# PROBLEM DETAILS:
Reproduce the data exactly as given, except for any images.

# SUPPLIED INFORMATION:
=-=-=-=-=

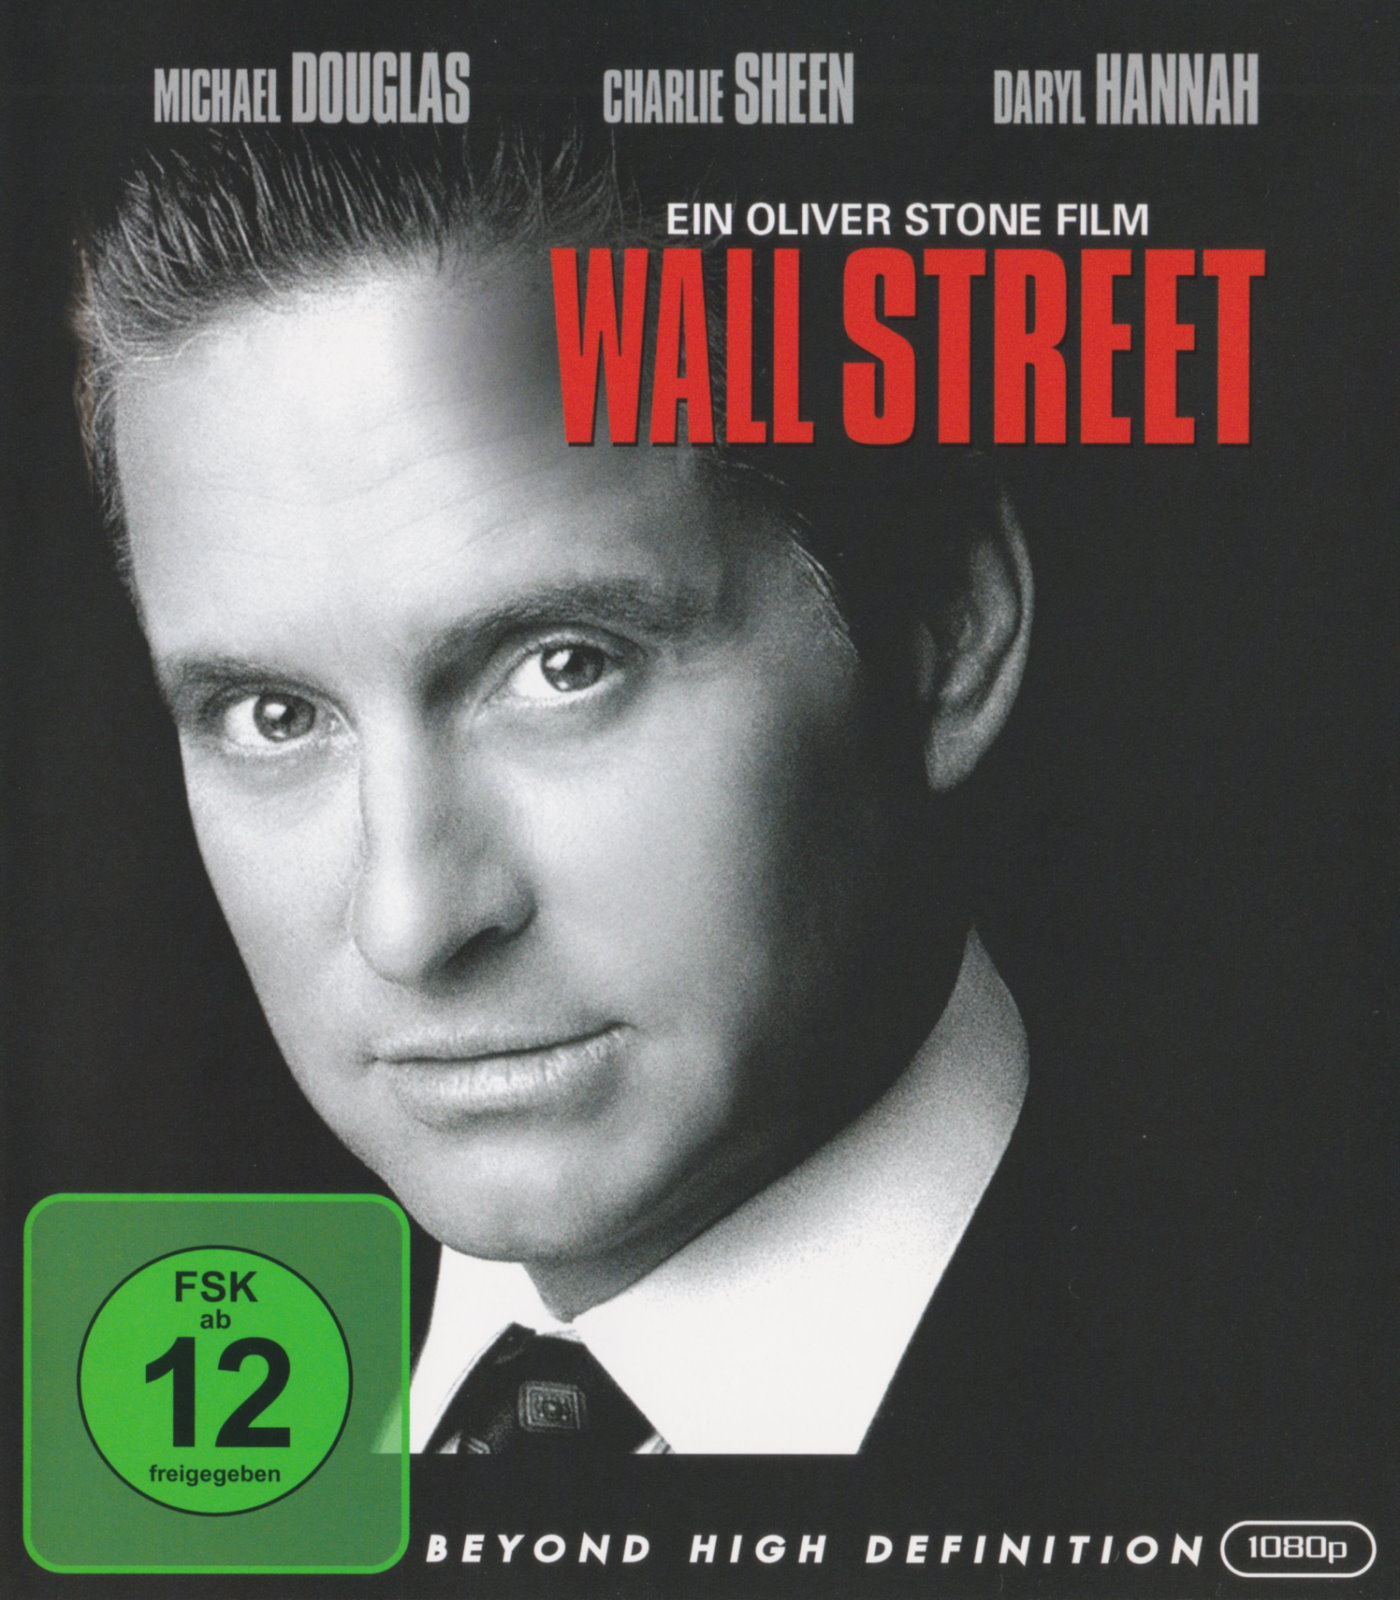 Cover - Wall Street.jpg
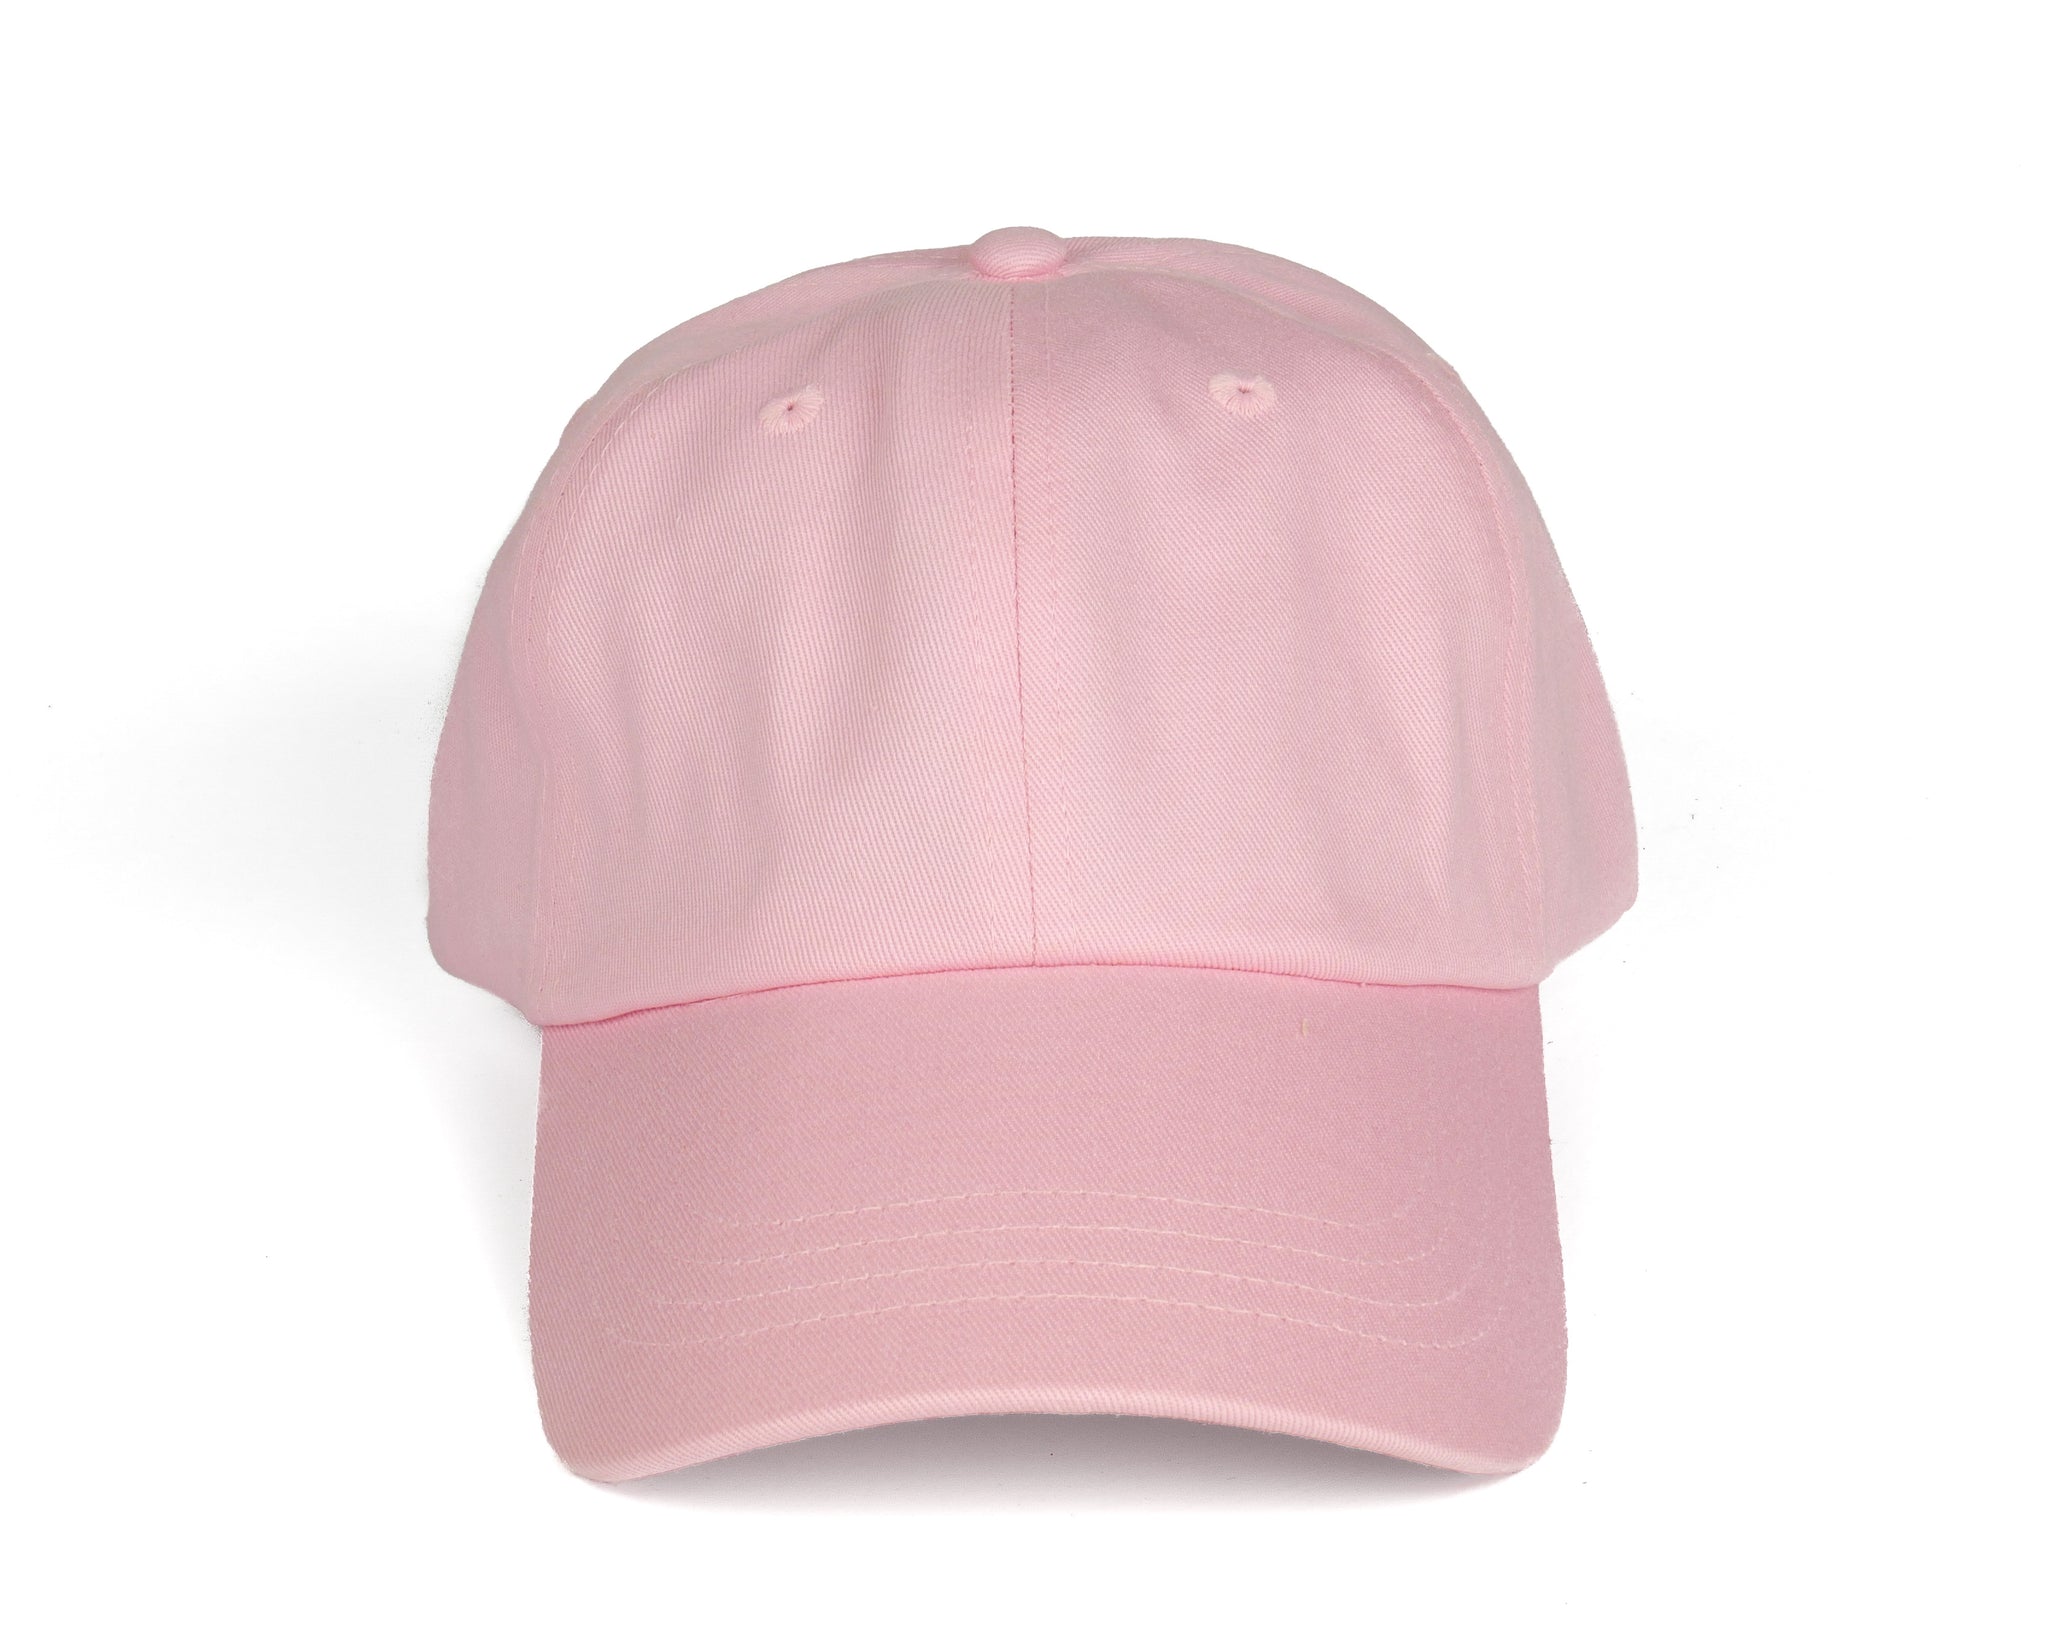 The Pops - 100% Cotton - Light Pink
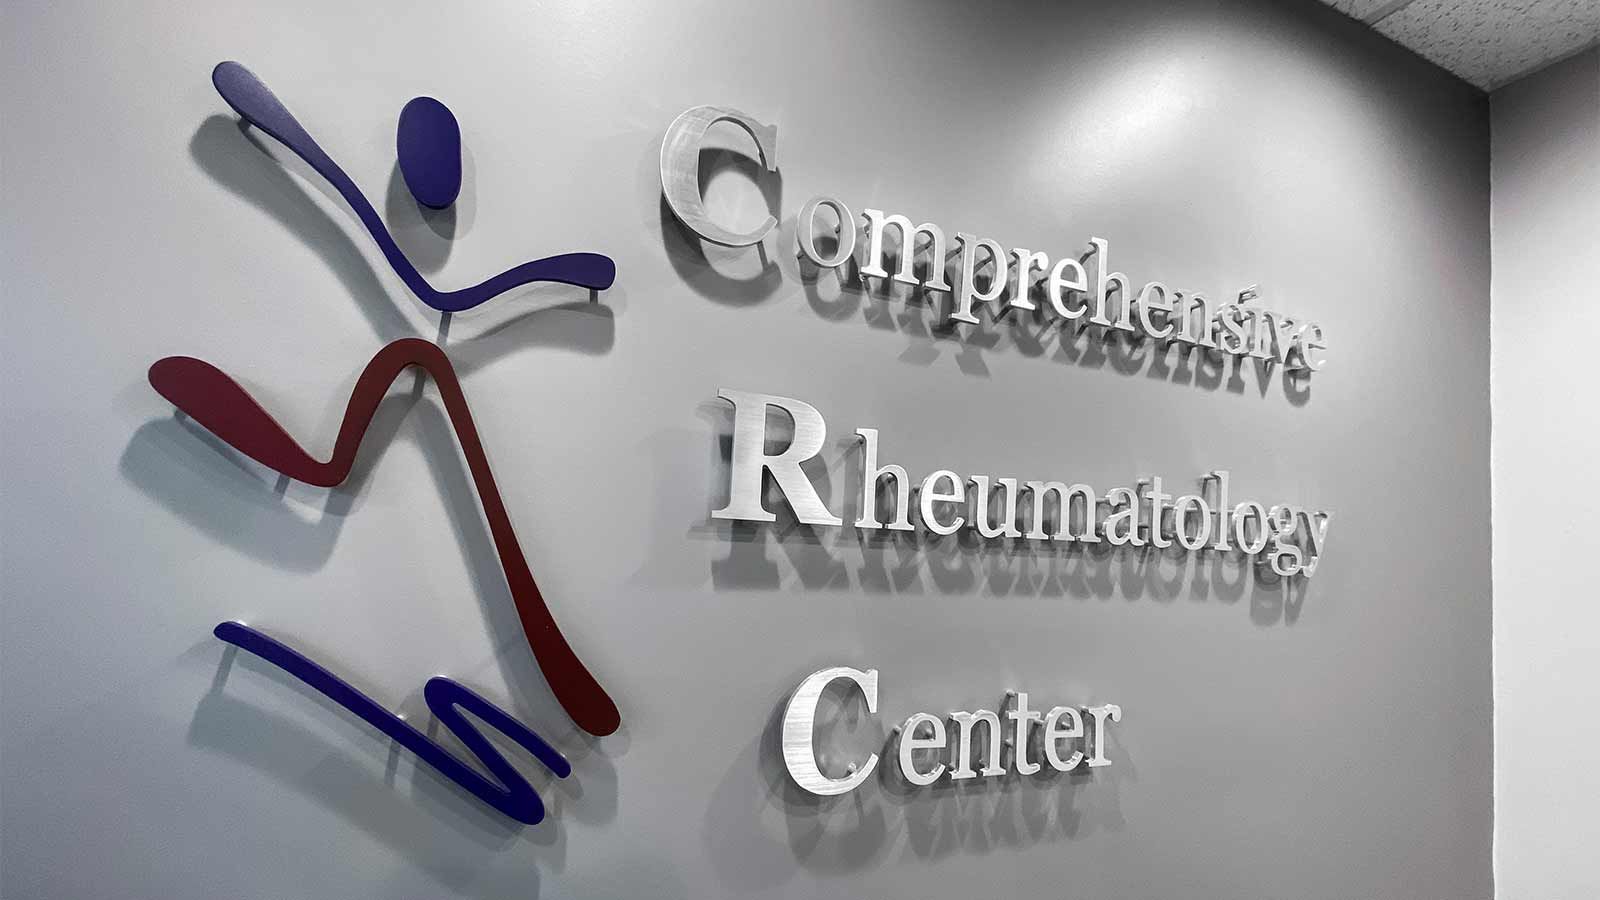 comprehensive rheumatology center pin mounted sign

=-=-=-=-=

# EXERCISE RESULT:
 Cover - Wall Street.jpg
 The Pops - 100% Cotton - Light Pink
 comprehensive rheumatology center pin mounted sign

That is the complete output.